Para quem vive em países com elevada exposição solar, como o Brasil, o risco de deficiência de vitamina D deveria ser bem baixo, mas não é.  Na verdade, a quantidade de sol que uma região recebe por ano é importante, mas há outros fatores que influenciam na capacidade da pele de produzir vitamina D a partir dos raios UV-B. Exemplos:

– No Oriente Médio, a exposição solar anual é bem elevada, entretanto esta região apresenta altas taxas de carência de vitamina D. O principal motivo é cultural, devido ao costume de se usar roupas compridas, que cobrem toda a superfície corporal, limitando o contato da pele com os raios solares.

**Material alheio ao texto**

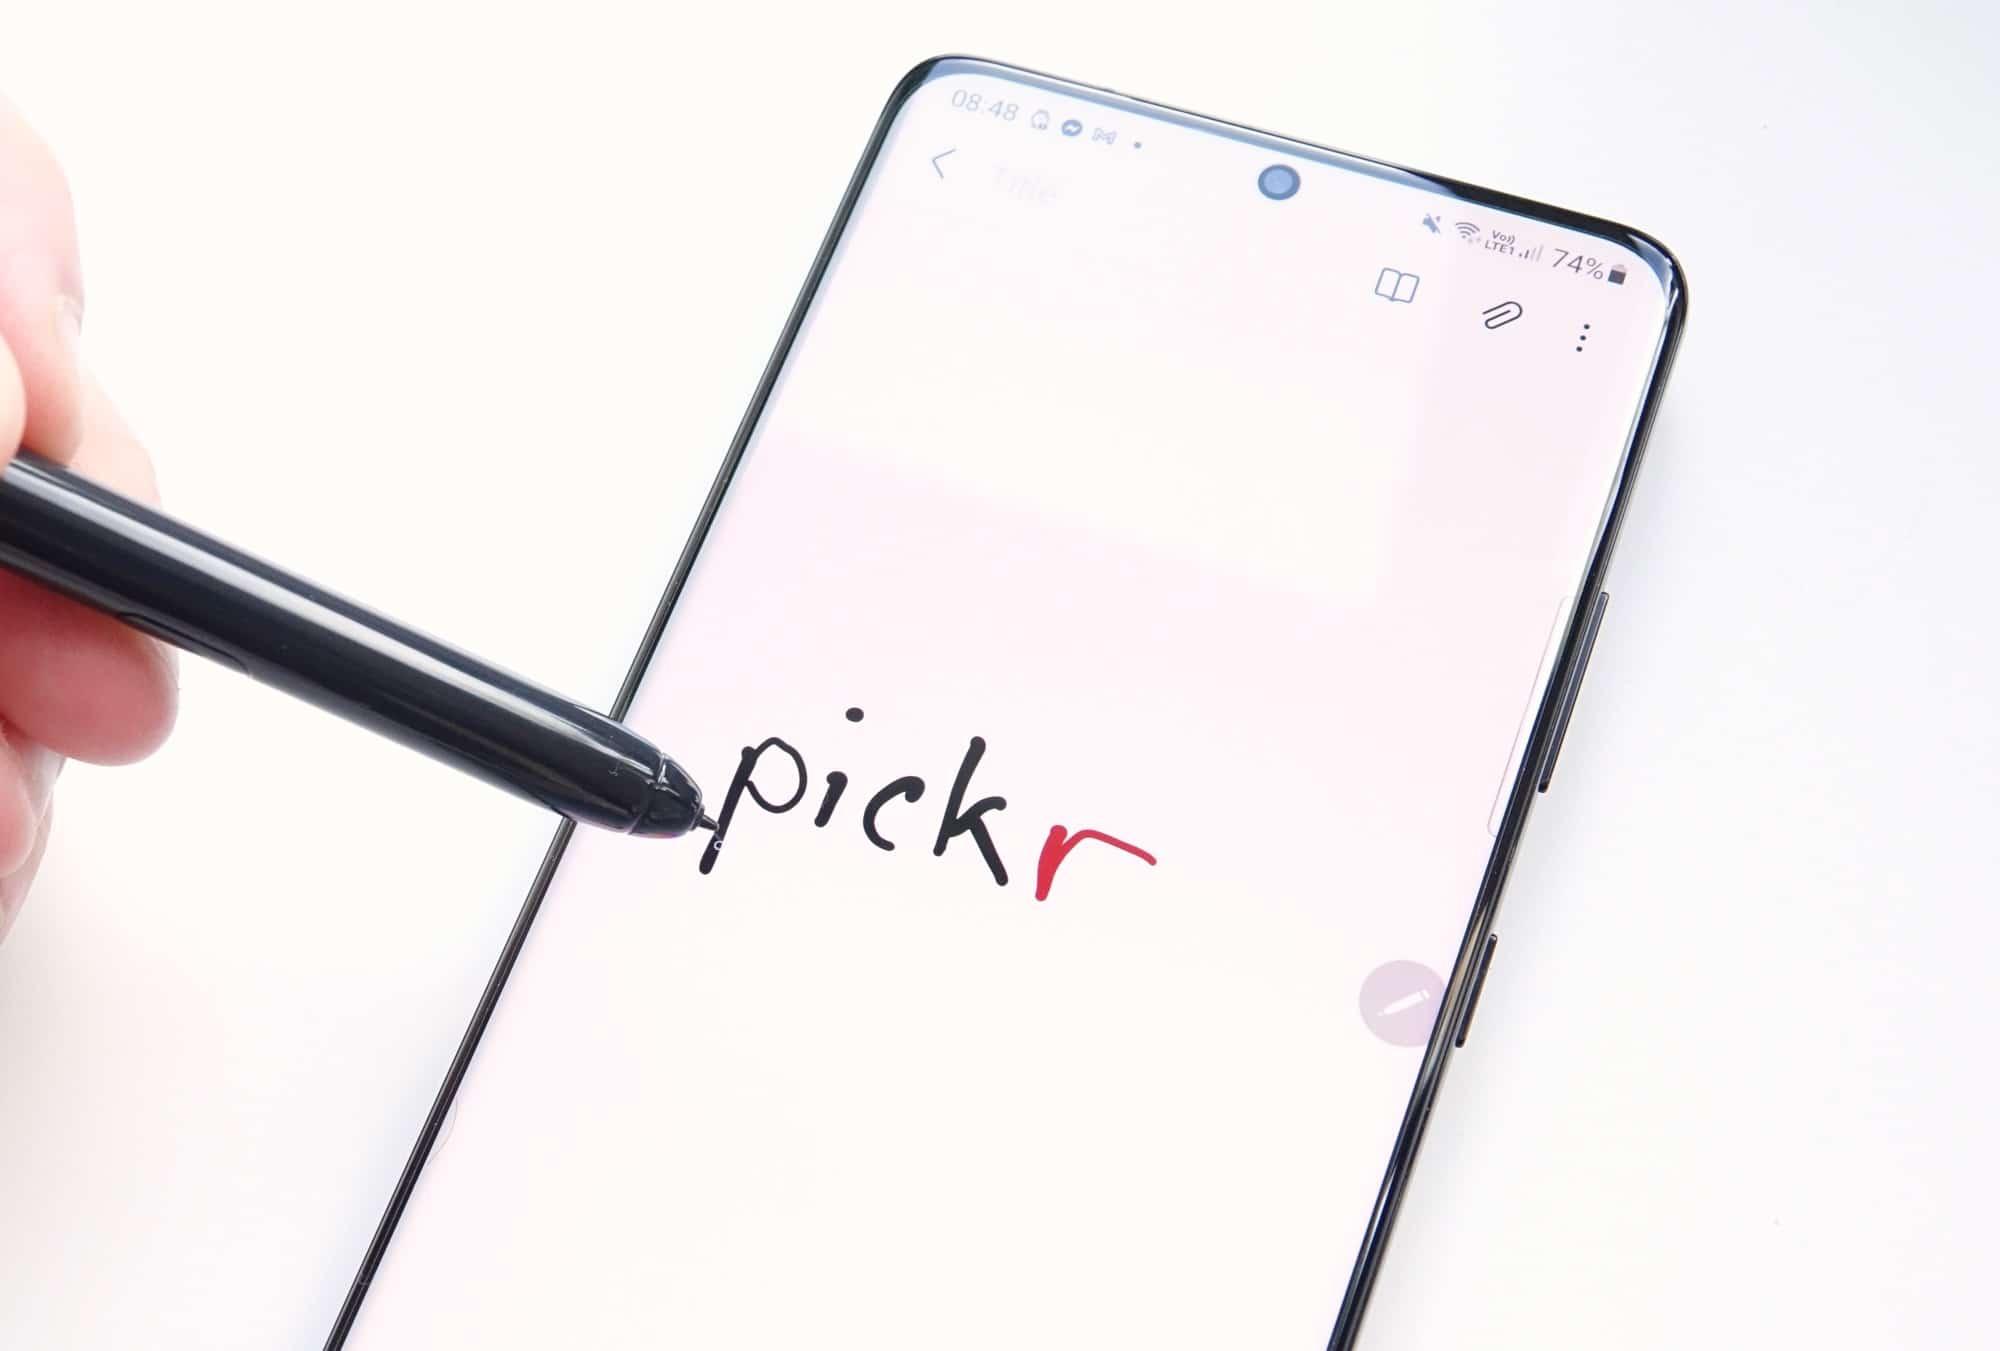 Samsung Galaxy S21 Ultra 5G and an S-Pen

A idade é outro fator importante também. Com o passar do anos, a pele vai ficando cada vez menos eficiente em produzir vitamina D, tornado os idosos um grupo com elevado risco para deficiência desta vitamina. Além da baixa eficiência da pele, os idosos costumam ter um consumo mais baixo de vitamina D na dieta, se expõem menos ao sol e muitas vezes passam o dia fechados em casa ou em lares para terceira idade. Em alguns países da Europa, mais de 80% da população idosa apresenta carência de vitamina D. Mesmo no Brasil, estima-se que metade da população idosa sofra de falta de vitamina D.

– Com a maior conscientização da população em relação aos riscos de câncer de pele devido à exagerada exposição solar, é cada vez maior o número de pessoas que evitam tomar banho de sol. Além disso, o uso frequente de protetor solar com elevado fator de proteção bloqueia os raios UV-B, impedindo que os mesmos consigam estimular a produção de vitamina D na pele.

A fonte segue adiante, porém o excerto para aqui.